* _PROBLEM DETAILS_: Restate the records below word for word, and omit the images they hold.

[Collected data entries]
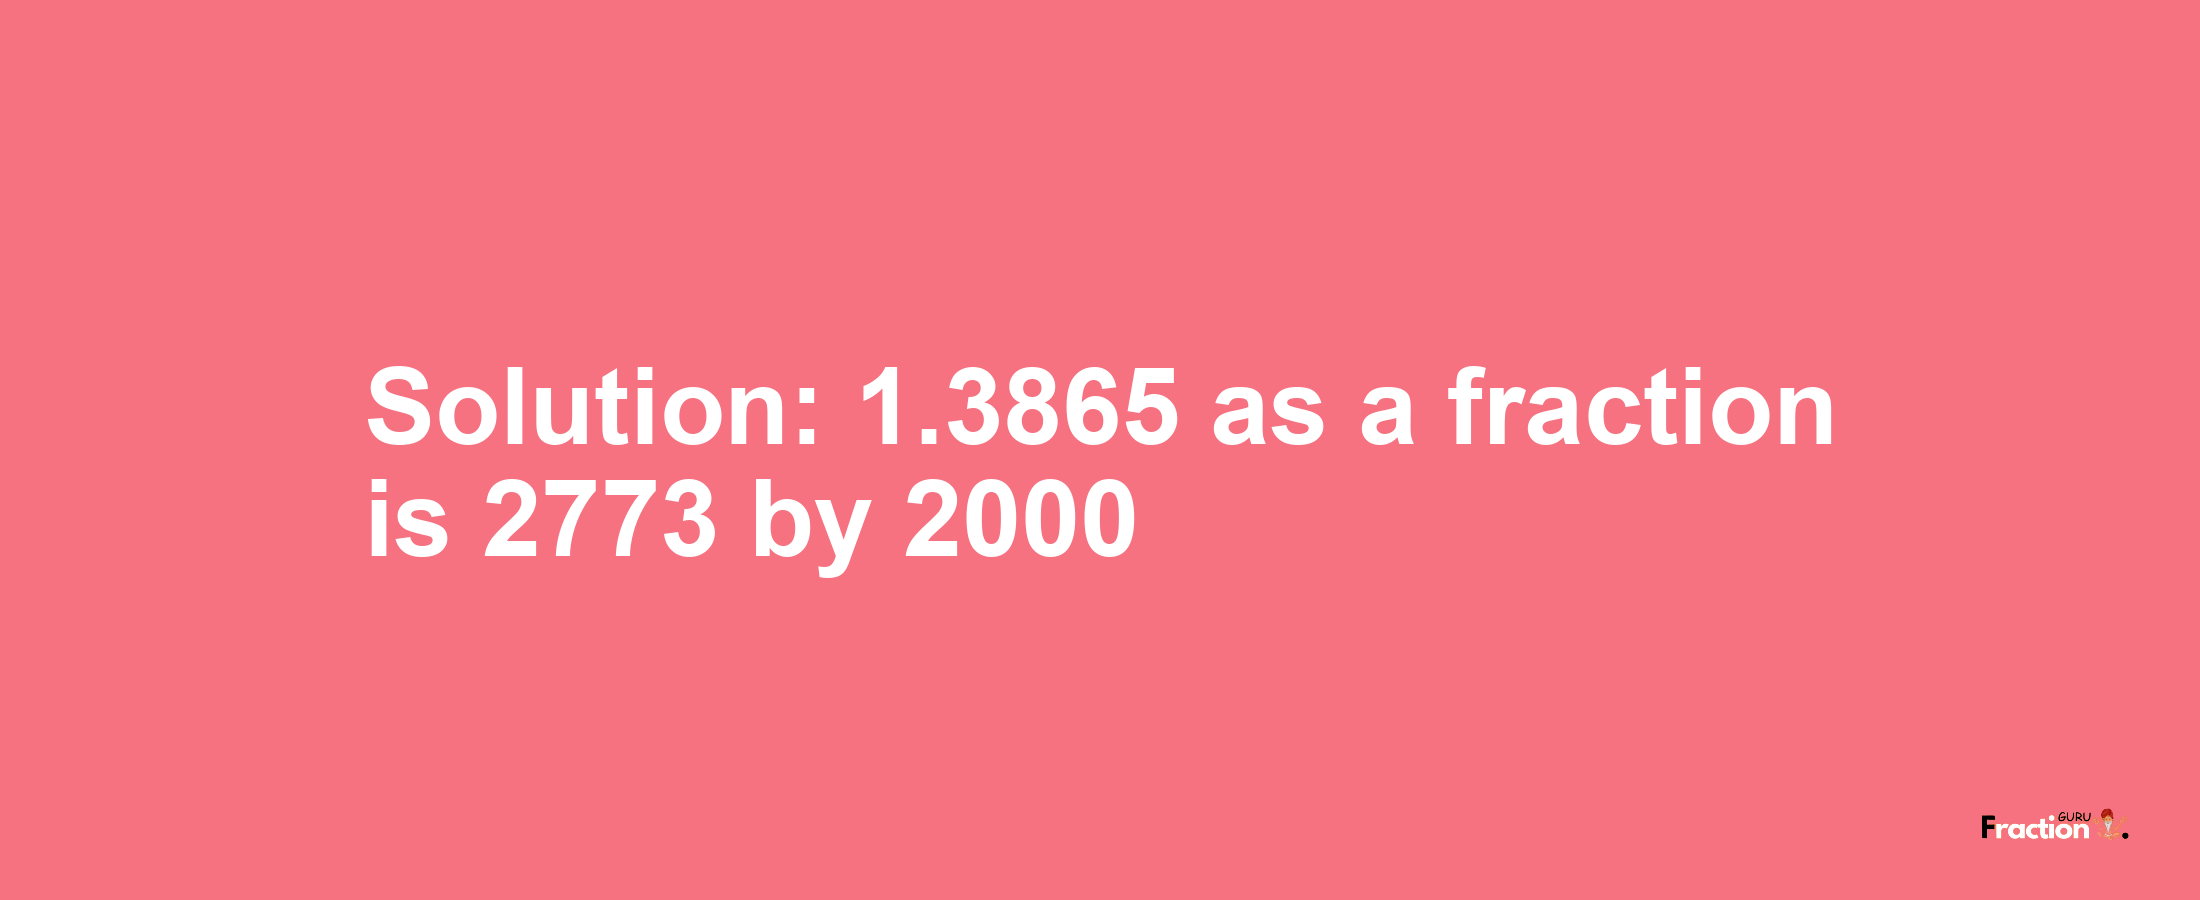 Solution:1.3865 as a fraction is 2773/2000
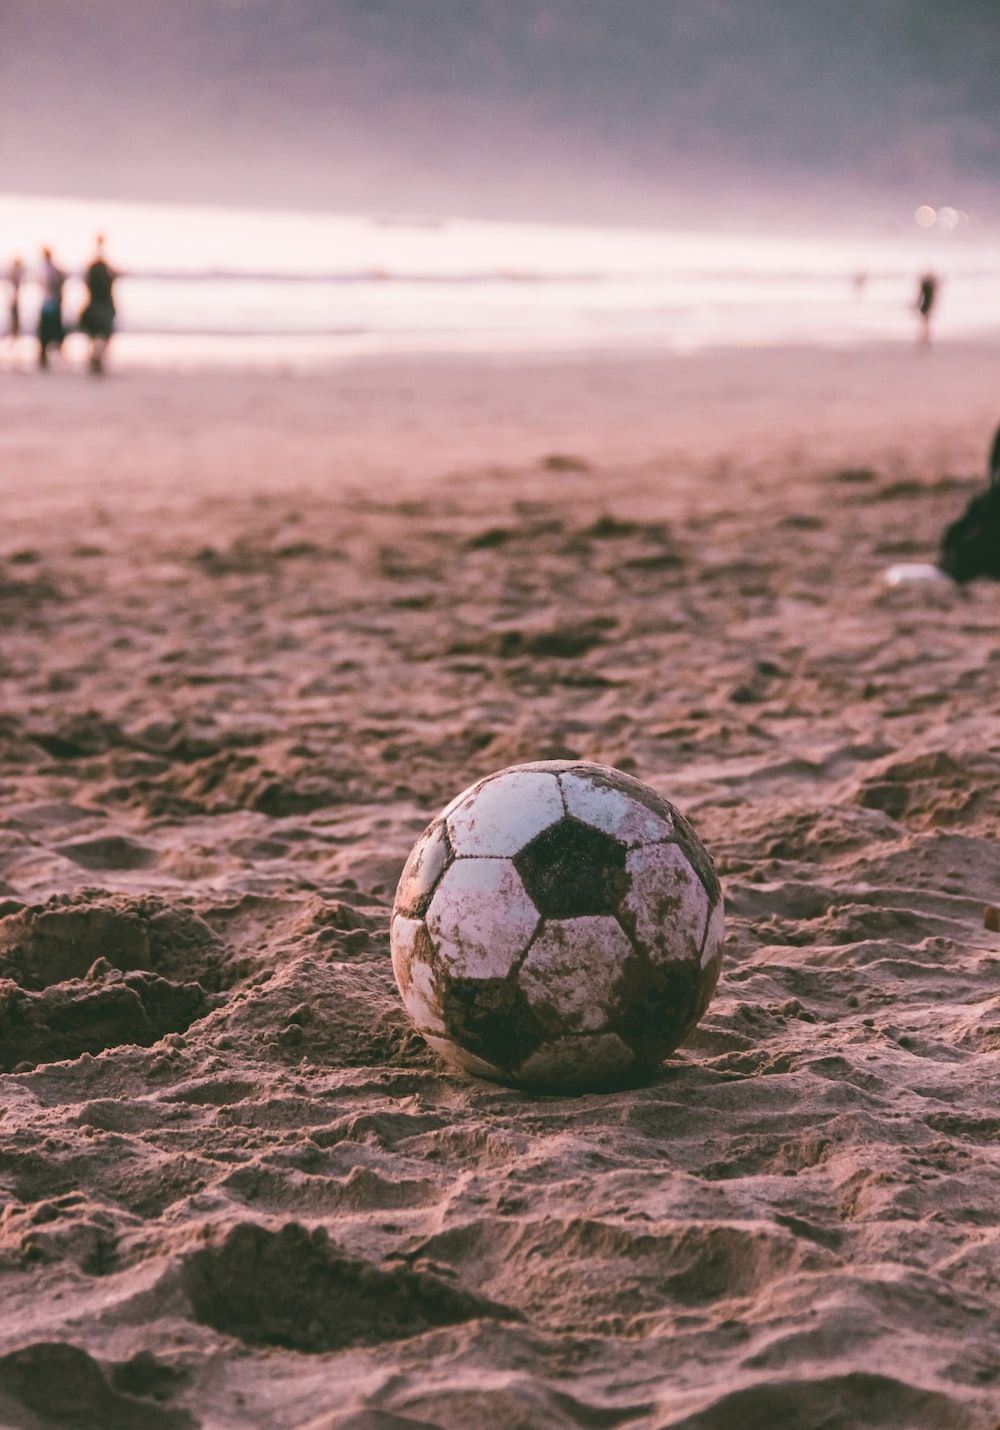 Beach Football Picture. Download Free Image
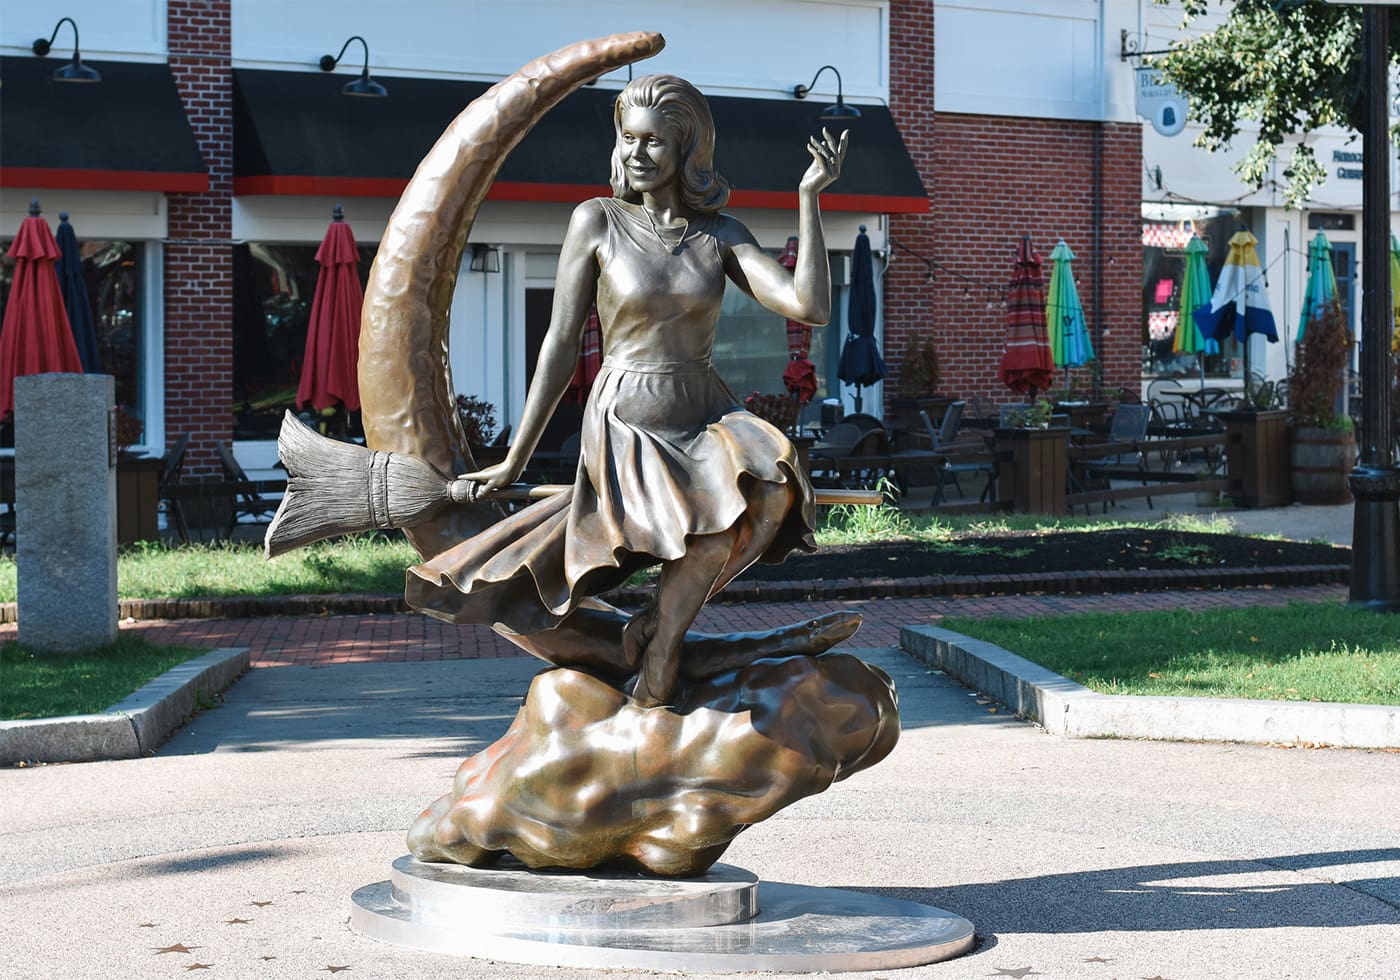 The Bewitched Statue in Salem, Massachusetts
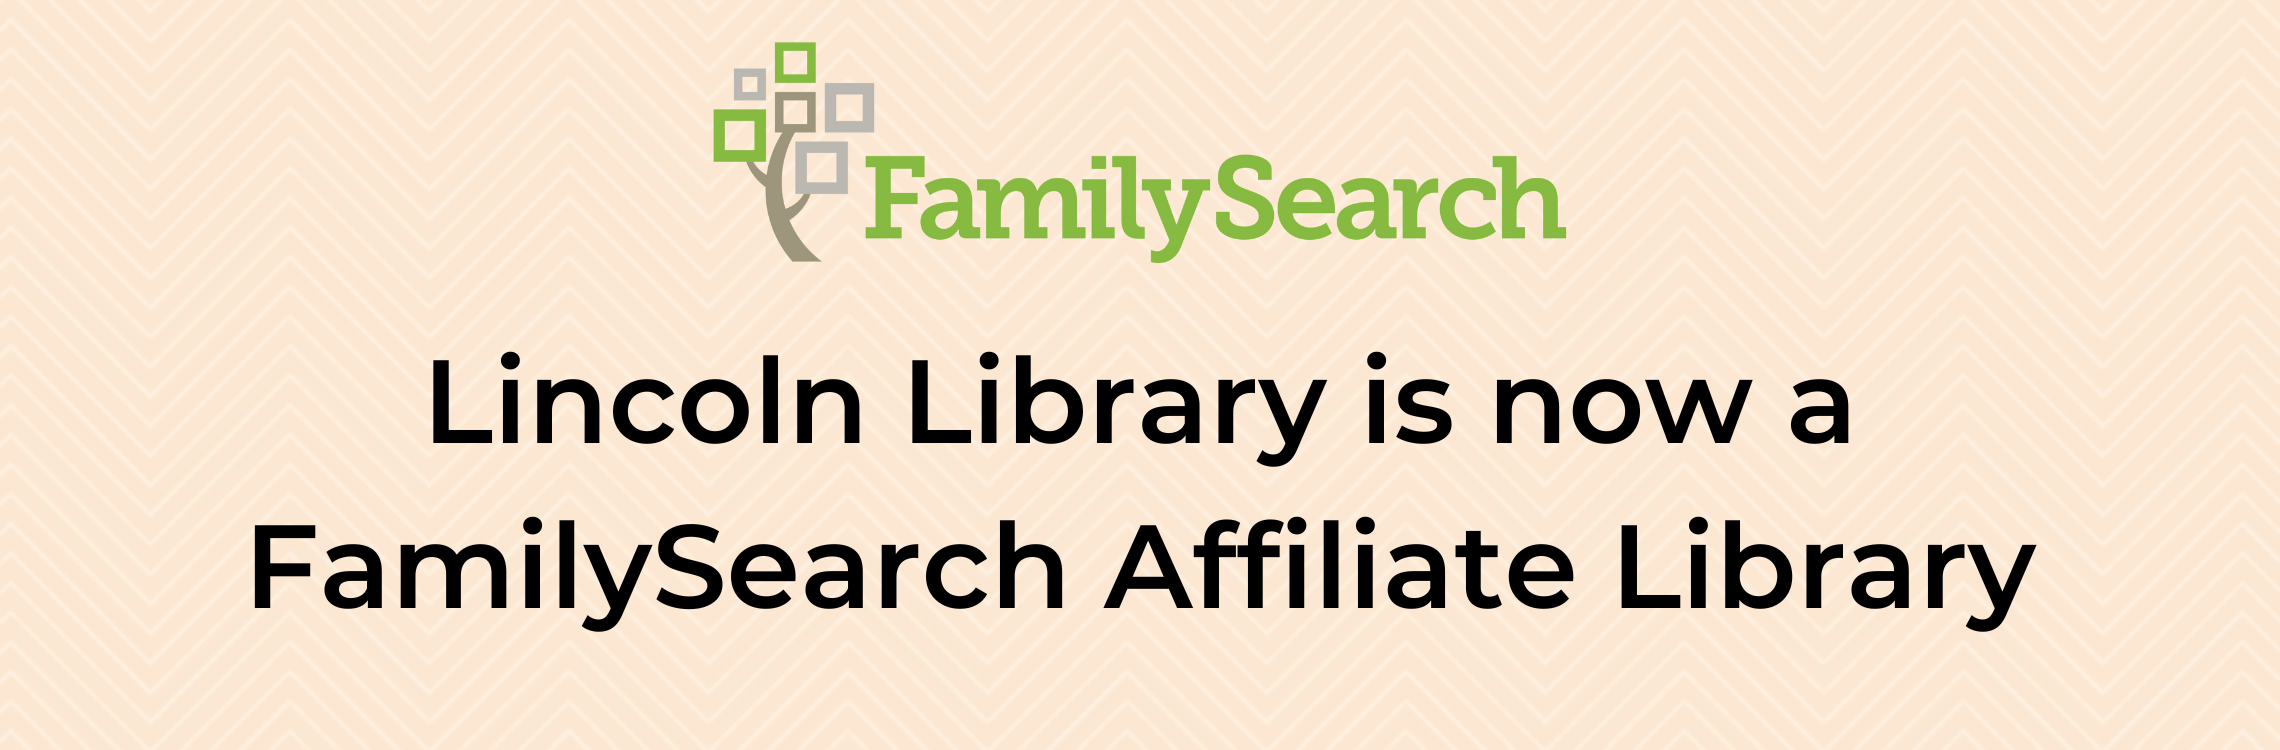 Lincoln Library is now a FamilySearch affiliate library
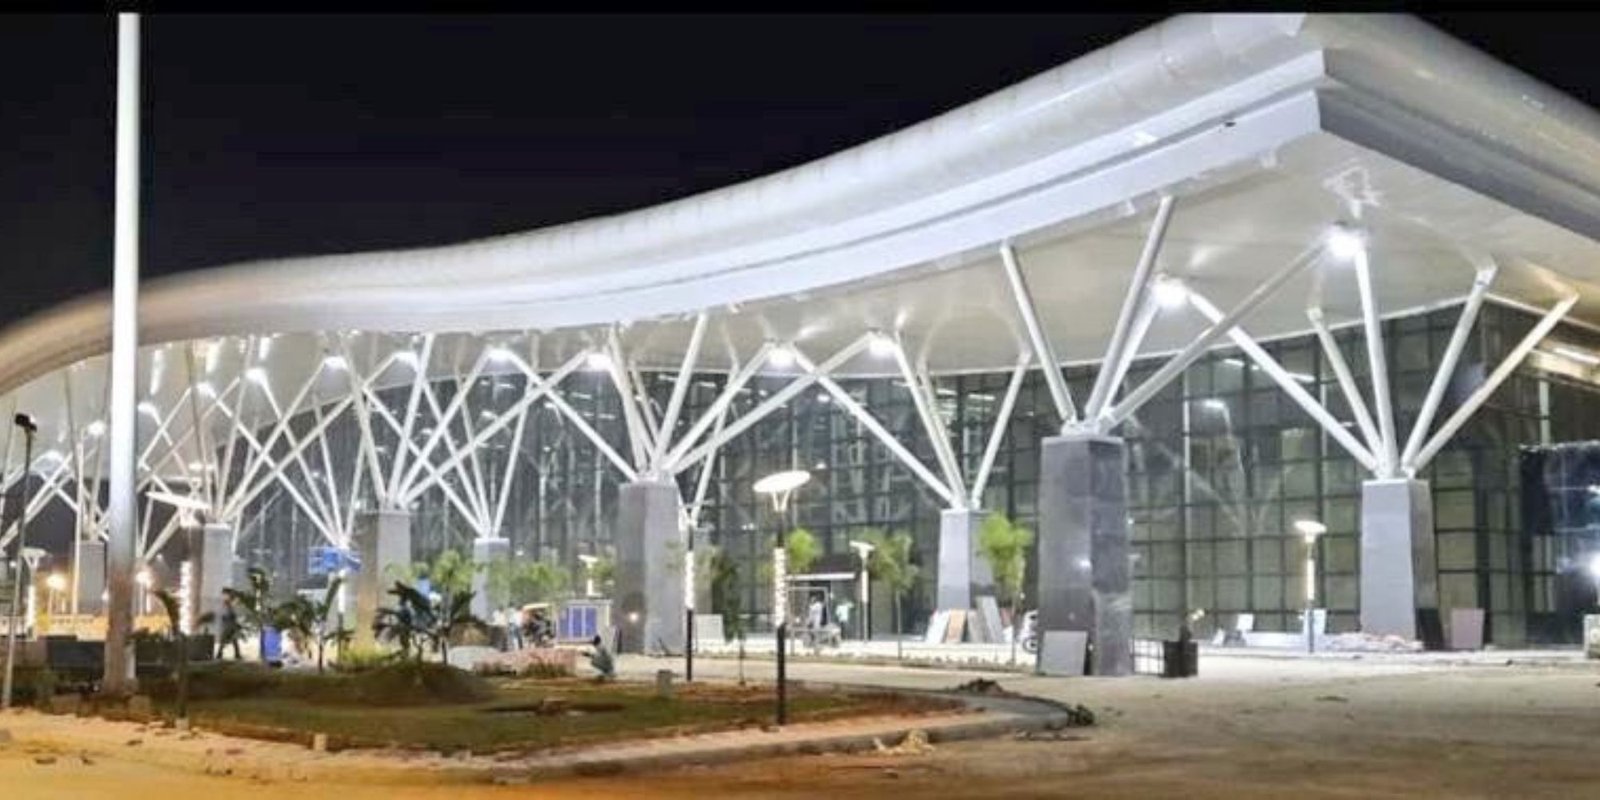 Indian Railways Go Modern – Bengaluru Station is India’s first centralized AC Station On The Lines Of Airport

* _WRITTEN RESPONSE_:
 Solution:1.3865 as a fraction is 2773/2000
 Beach Football Picture. Download Free Image
 The Bewitched Statue in Salem, Massachusetts
 Lincoln Library is now a FamilySearch affiliate library
 Indian Railways Go Modern – Bengaluru Station is India’s first centralized AC Station On The Lines Of Airport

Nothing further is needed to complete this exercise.